- PROBLEM DESCRIPTION -
Lines in the listing below may contain the string "seal". Say how many do, giving only the number.

BEGIN DATA UNDER STUDY

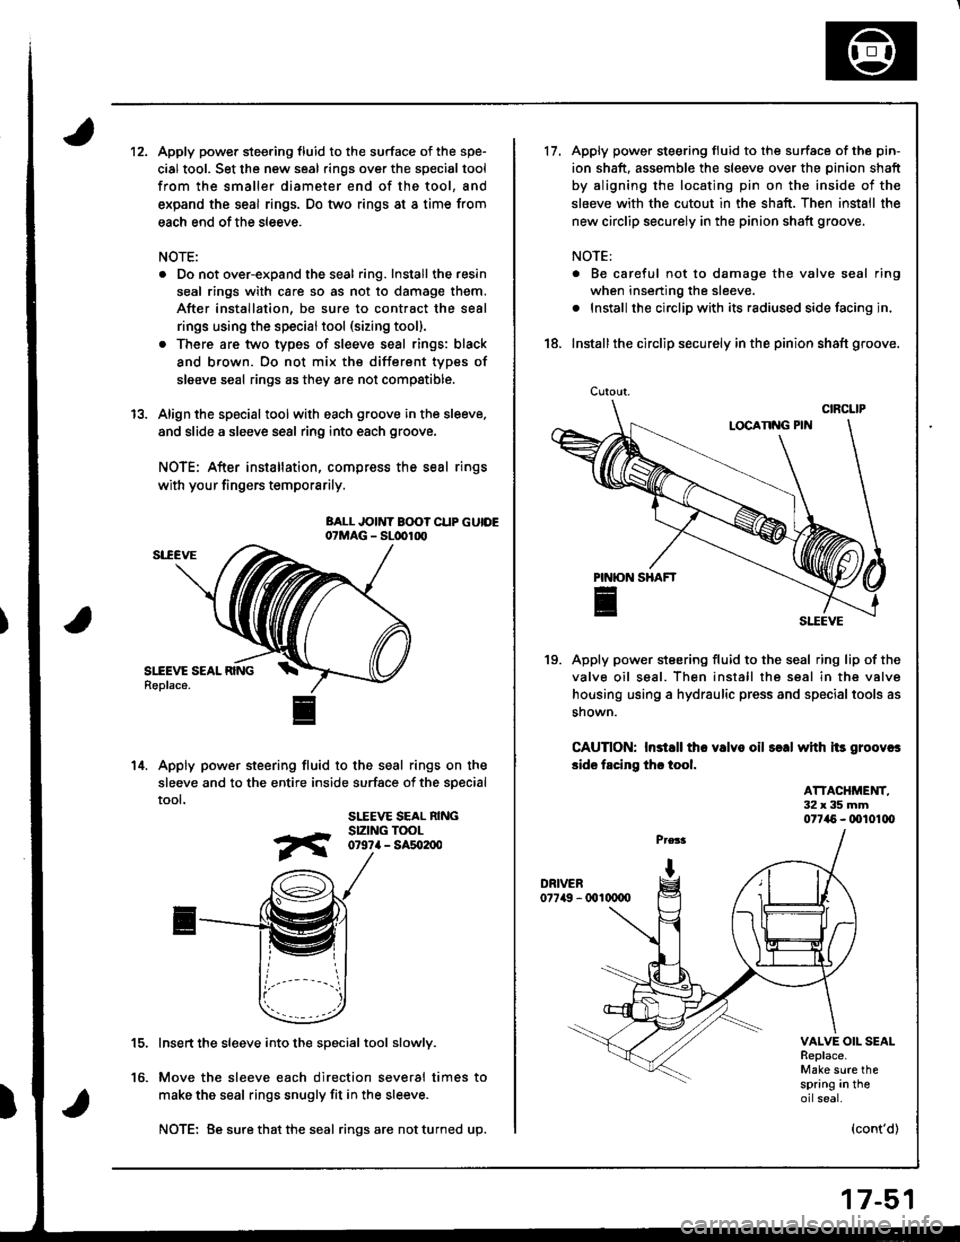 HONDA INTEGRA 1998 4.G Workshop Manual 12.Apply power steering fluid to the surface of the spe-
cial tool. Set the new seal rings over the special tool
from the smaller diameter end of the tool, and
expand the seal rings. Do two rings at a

END DATA UNDER STUDY
BEGIN DATA UNDER STUDY

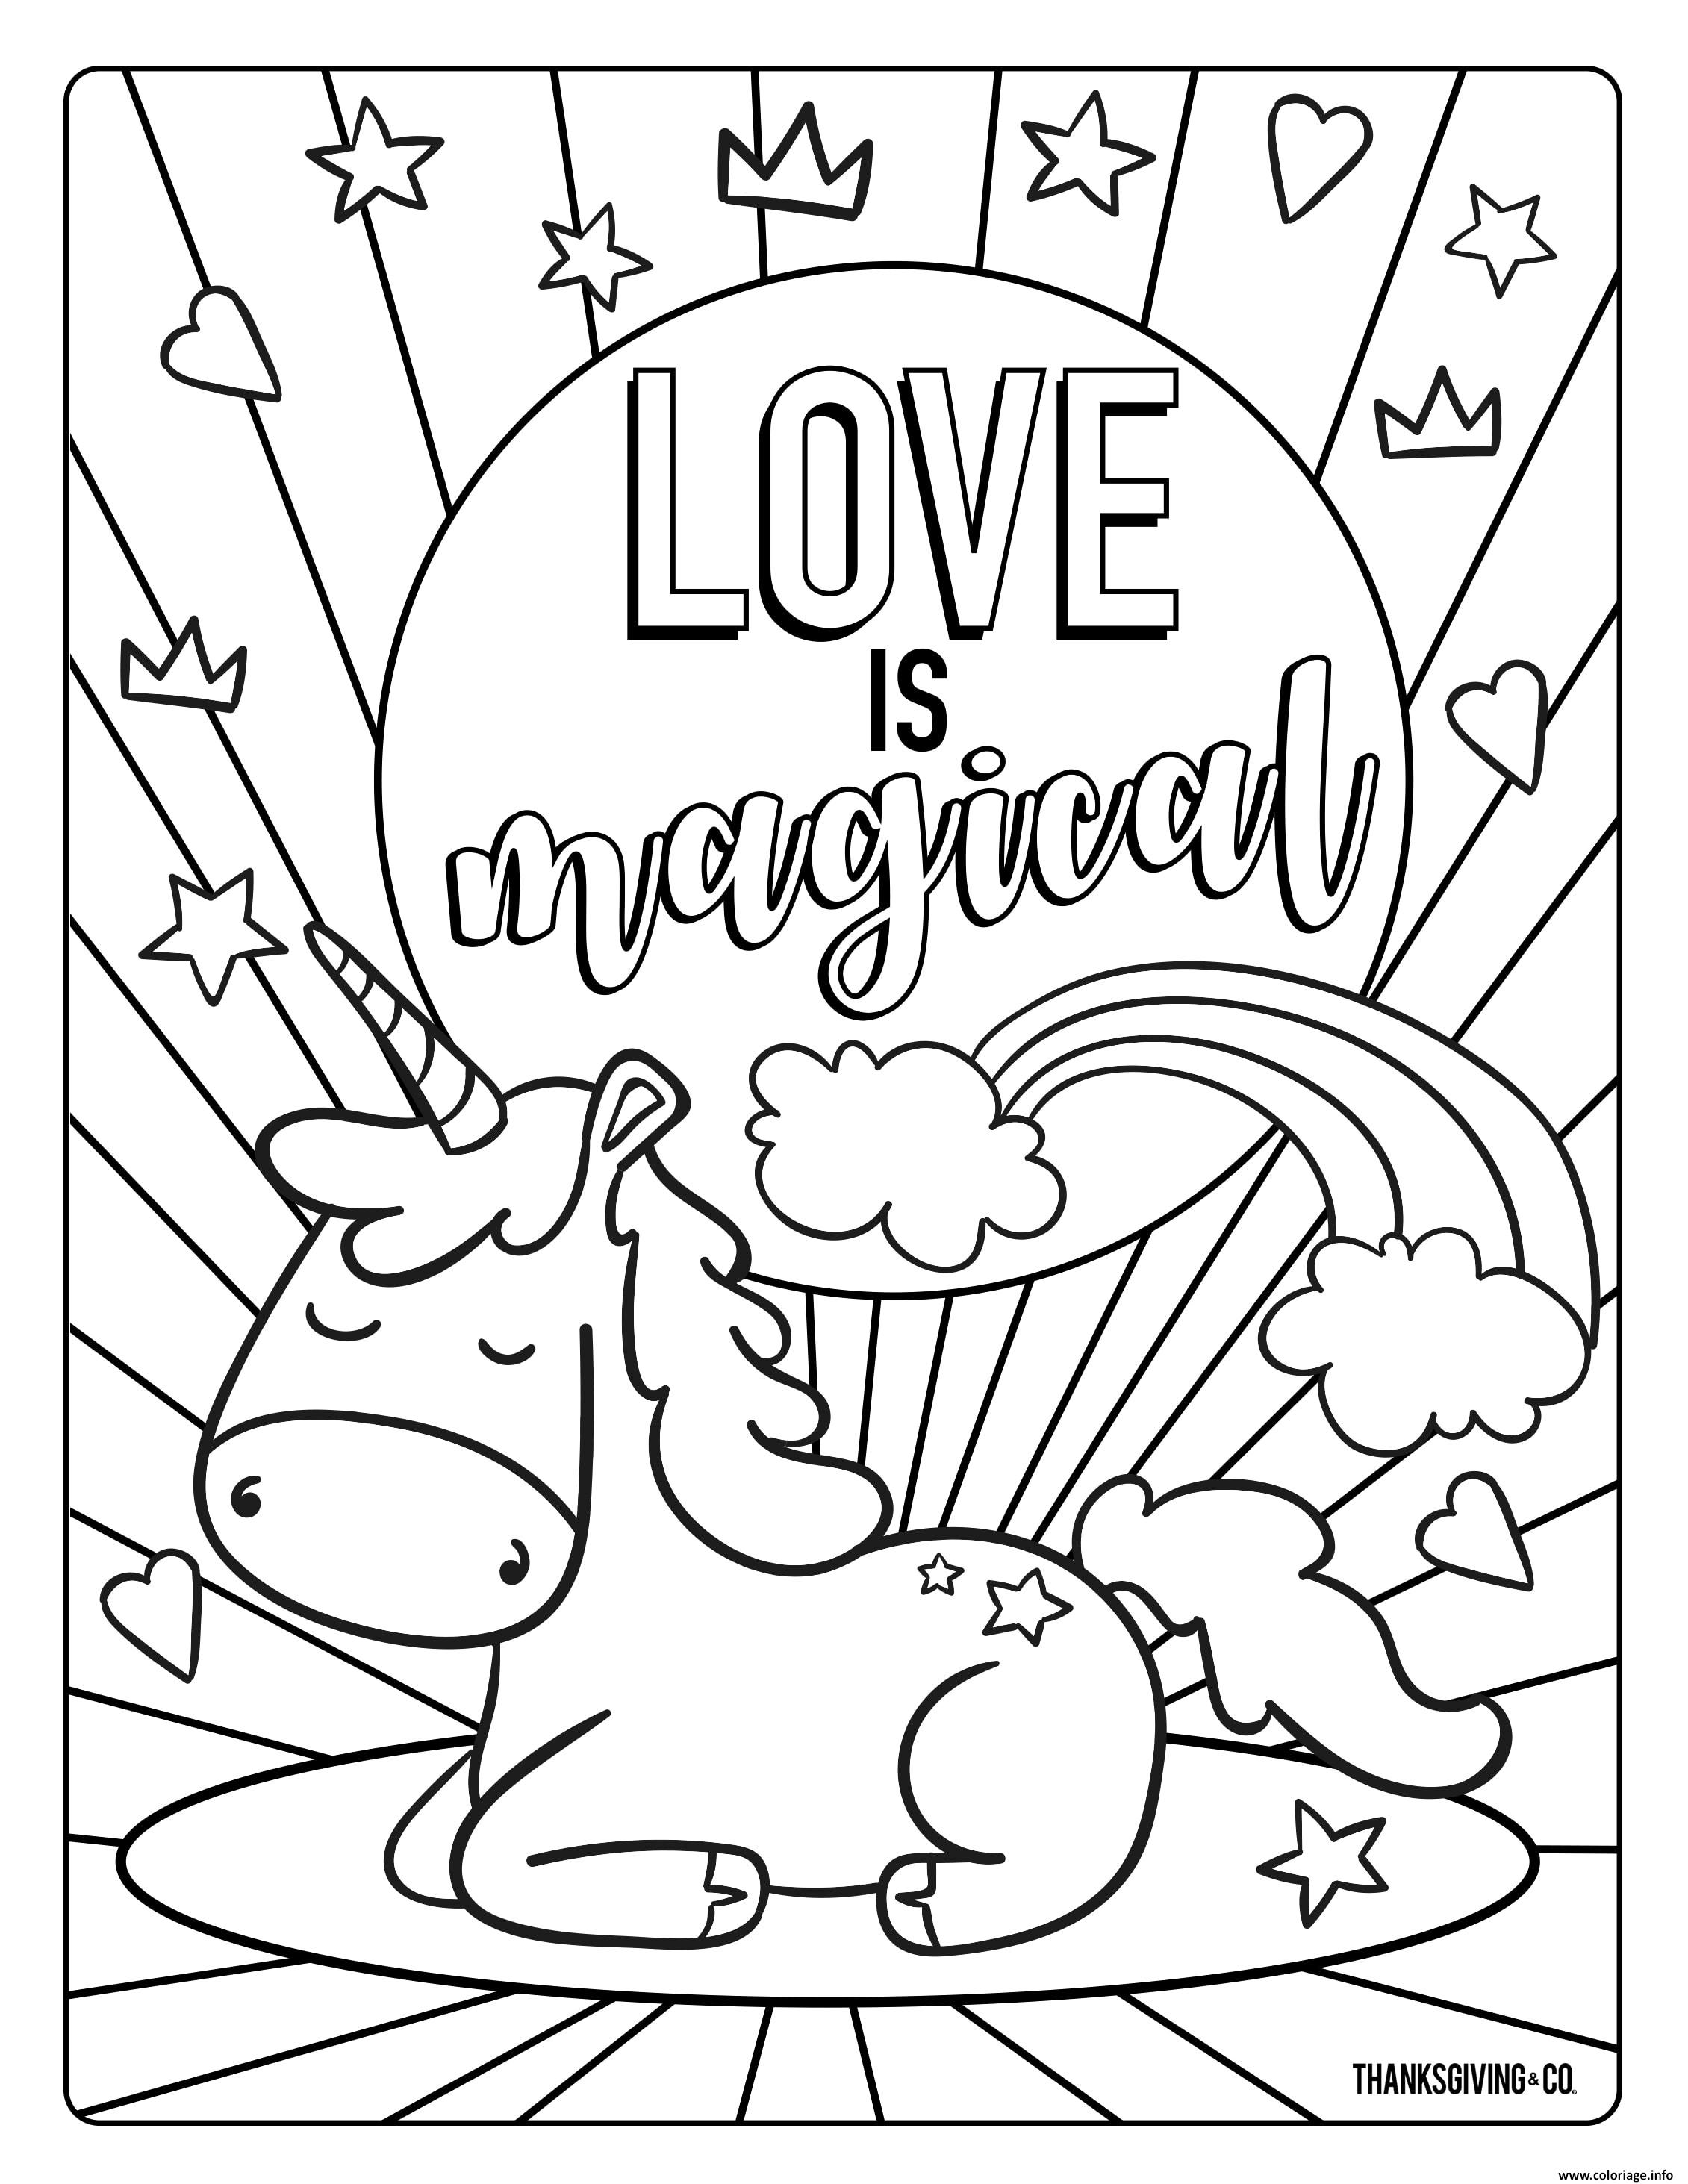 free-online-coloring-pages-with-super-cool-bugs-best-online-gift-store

END DATA UNDER STUDY

- ANSWER SECTION -
2